So, when a person is born, there's usually a declared sex for the child, based on a cursory inspection of genitalia. Sometimes the genitalia are ambiguous, and sex is often decided in those cases by the parents and/or doctors, based on an educated guess. (And that has a long history of not working out too well...) Those whose identified sex and declared-at-birth (or "assigned," as is common parlance in trans activist circles) sex match are cissexual. Those whose identified sex and declared-at-birth sex don't match are transsexual. To be called cissexual is no more offensive than being called heterosexual; surely we can agree on that much. This is simple, non-normative terminology that describes accord or discord with assigned sex, without legitimizing or delegitimizing either point of view.

Now, again, our understanding of human biology demonstrates that the genitalia aren't the only sexually dimorphic parts of the body. There are secondary sexual characteristics, from the texture of skin to the volume of mammary tissue to the concentration of neurons in the midbrain. Just as often happens in the genitalia, cross-development happens. Sometimes a midbrain that would be considered typically male exists in the same body as genitalia that would be considered typically female. I mean, we have cissexual (or cis) men who grow breasts due to hormonal anomalies, and we have babies born with anomalous genitalia, so why wouldn't we expect that the brain and genitalia could develop in different ways?

Now, I would submit that due to our sapience, we're unique among species on this planet. Our species, what we have built, the world we've remade in our own image, is only this way due to our brains. Basically, what makes us human, what makes us us, is our brains. They are biological, they are as natural as the rest of us, and they are the only part of us that you cannot remove and replace with a prosthesis and still say that you've got the same person in front of you.

Basically, the brain is much more important than the bits. Cis men who have lost their genitalia in accidents will often have them reconstructed, but do they cease to be male? That is on its face a ridiculous proposition.

Ultimately, those who cannot see the parallels between trans rights and the aforementioned evidence and refer to some element of biology to legitimize their opposition, as though having viable eggs or motile sperm or an outie or an innie is what makes a man or a woman, are, by definition, cissexist; they view assigned sex and the non-neurological sexual characteristics by which that sex is assigned as having legitimacy to either partially, totally, or conditionally undermine identified sex. Cis identity is considered valid and trans identity is considered not-as-valid. I don't think I've said anything here that anyone can disagree with, save for those who conflate "cissexist" with "evil person."

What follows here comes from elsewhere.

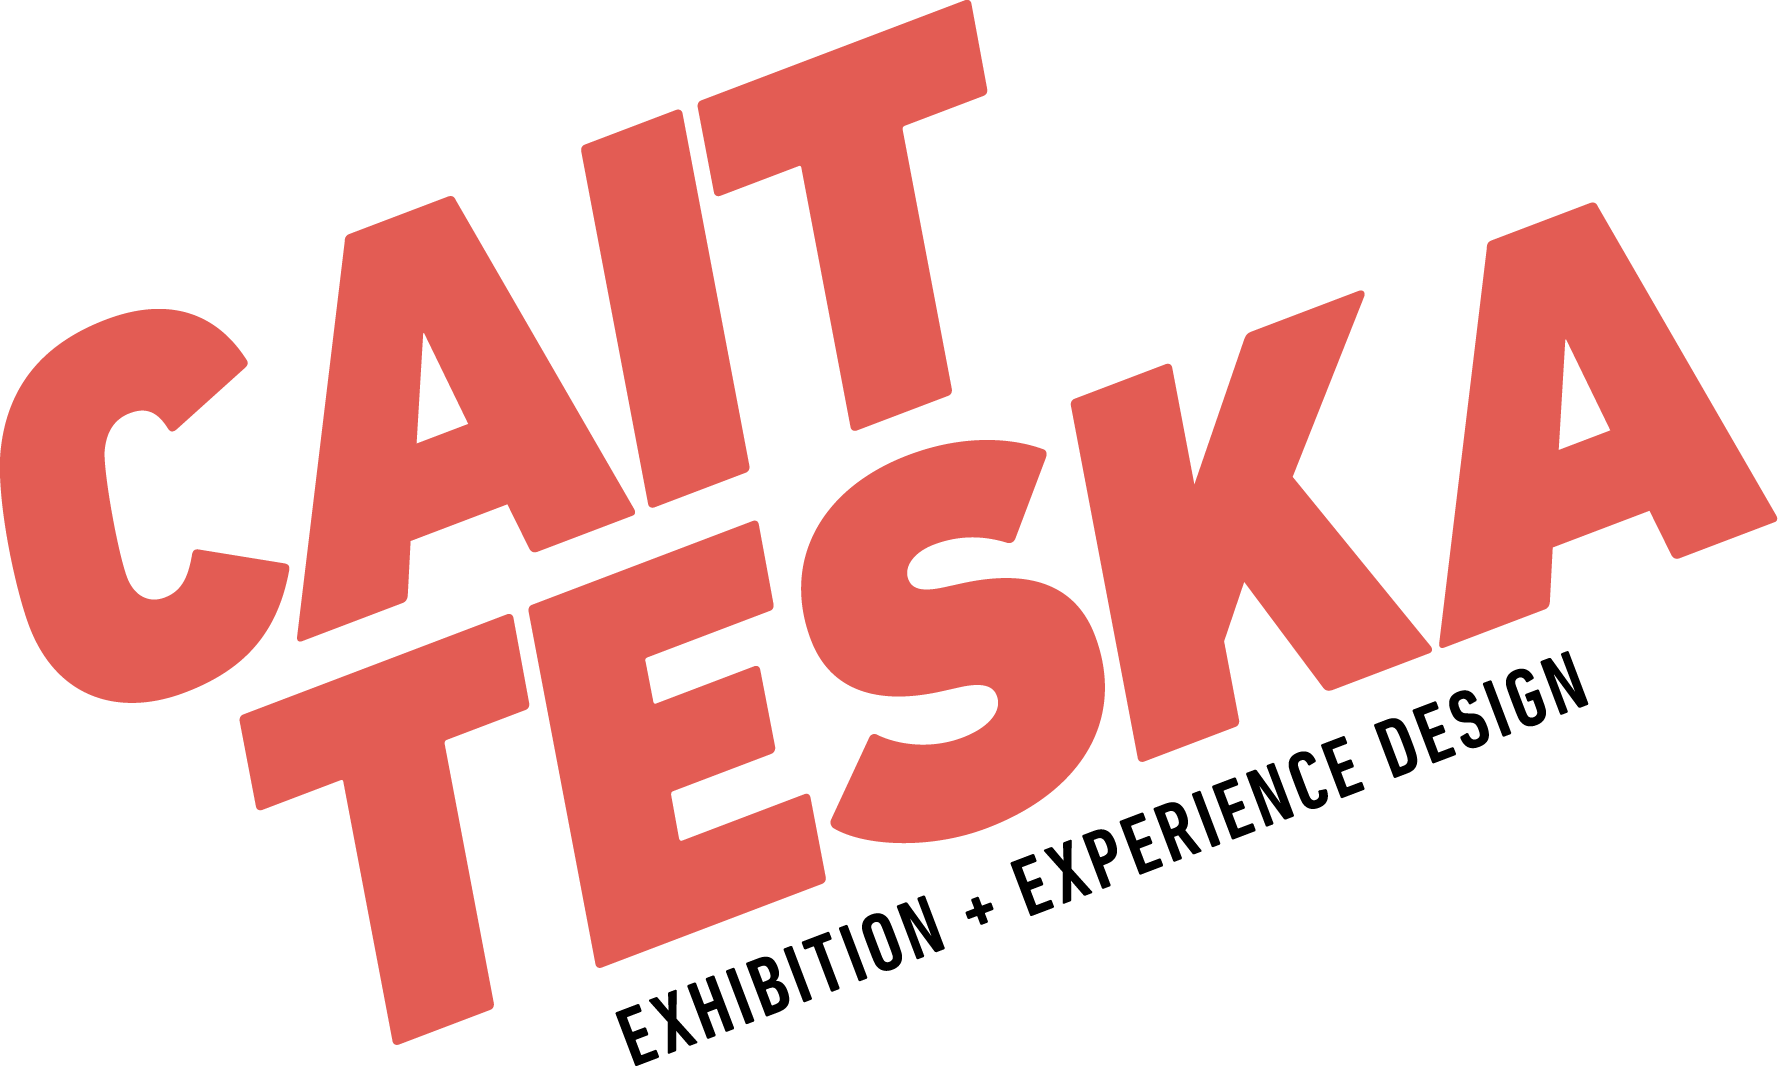 CAIT TESKA

But there's a difference between being cissexist in theory and cissexist in law. Those who support allowing people to identify their sex, and who do not degender them or trans people in general, but hold cissexist views, are what one would describe as tolerant of trans identity. I'm OK with tolerance.

I've never been one for making people love me. If I were, I would promise everyone tax cuts and free beer when I run for office, instead of being my usual acerbic, know-it-all self. But I want to make the case to the intolerant:

1. Transition has always been with us.

Between rudimentary genital surgery and endogenous "hormonal" substances such as hops, aloe, lavender, pregnant mare urine, etc., as well as binding, tucking, etc., there have existed, for millenia, technologies that allow people to present at variance with their assigned sex. There's been a quantum leap in improvement in endocrinology and reconstructive surgery in the last century. Just as we turned diabetes into a condition when it used to be a death sentence, the technology surrounding transition has improved dramatically. This doesn't make more people trans; it does, however, make fewer trans people give up hope... which brings me to my second point:

2. The prevalence of transition has reached a tipping point.

There was a belief among several leading lights of the second wave of the feminist movement, such as Raymond, Dworkin, Greer, and Steinem (in an as-yet-unretracted essay that I referenced in an earlier piece), that as gender roles became less entrenched, less rigid, and that as there were more people like this little girl, trans people would slowly disappear. The idea was that trans people were simply men who wanted to wear dresses and women who wanted to have sex with women but didn't want to be considered gay and myriad other ephemera that confused gender with gender roles. Now, those theories don't really explain a makeup-and-heels-eschewing, trans lesbian, but evidence has shown that the argument against trans people actually being their identified sex doesn't have to be consistent; it just has to feed off consistent prejudices.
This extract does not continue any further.